Changes in skeletal muscle insulin signaling and cellular context occur in T2D. For example, GLUT proteins must be present in the membrane for facilitated glucose transport. In the context of T2D, GLUT4 content and translocation to the membrane is impaired due to insulin resistance. Increasingly, the problem of overnutrition and nutrient load on skeletal muscle has come to the forefront of understanding insulin resistance. Chronic overnutrition results in increased glycerol and free fatty acids in circulation. Normally, these nutrients are widely cleared by skeletal muscle and adipose tissue. Free fatty acids can diffuse into the cell or are taken up via a transporter such as CD36 and stored as intramyocellular lipids. However, excess in intramuscular triglyceride stores have been linked by numerous studies to insulin resistance [55,56,57]. When there is buildup of lipids, toxic metabolites such as diacetyl glyceride, ceramide, and acylcarnitine can accumulate. These metabolites act as signaling molecules that alter proteins and signaling cascades involved in insulin signaling, oxidative phosphorylation, and peroxisomal metabolism in skeletal muscle [58]. In addition, many of these lipid species increase the action of protein kinase Cθ, which phosphorylates serine residues of the insulin receptor and IRS, downregulating their action [59]. Similarly, toxic lipids drive inflammatory processes associated with insulin resistance [60,61]. In the context of excess nutrients, a high protonmotive force and NADH/NAD+ ratio occurs in the mitochondria as fuels are oxidized [62]. These conditions, without a constructive means to dissipate the protonmotive force (such as ATP production driven by demand), create a high H₂O₂ emitting potential [63,64]. The subsequent free radicals are proposed to further exacerbate insulin resistance [36]. The contribution of oxidative stress to insulin resistance is supported by data showing that treating high fat fed mice with a mitochondrial-specific antioxidant preserves insulin sensitivity [65].

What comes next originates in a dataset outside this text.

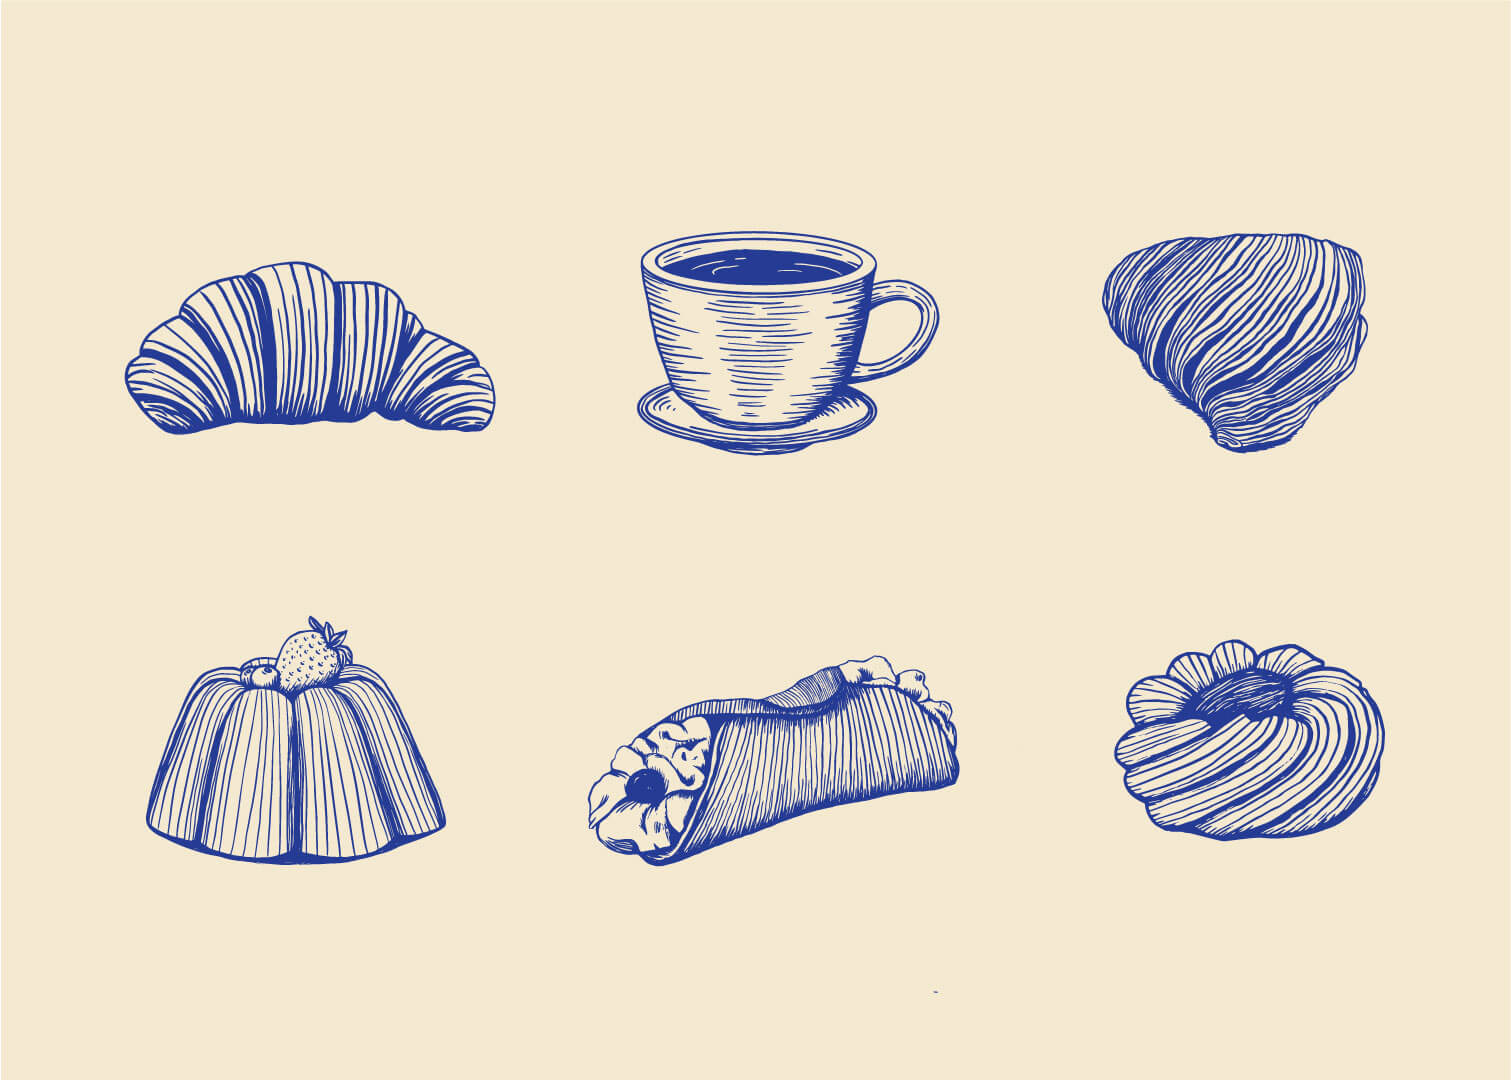 Messina Bakery & Cafe illustrations

Pathologic intracellular changes in skeletal muscle cell metabolism in T2D create a viscous cycle exacerbating insulin resistance in the context of overnutrition. As mentioned above, glucose enters the cell via facilitated transport down a diffusion gradient. To phosphorylate glucose, hexokinase must be present and active, and its product, glucose-6-phosphate, must be further metabolized to prevent allosteric down-regulation. When these processes are saturated, glucose-6-phosphate concentration increases and inhibits hexokinase activity, decreasing glucose transport. The concentration and compartmentalization of hexokinase are changed in T2D. Insulin signaling increases hexokinase [66]. Due to the relative decrease in insulin signaling with T2D, hexokinase expression levels are approximately 80% lower compared with controls [67].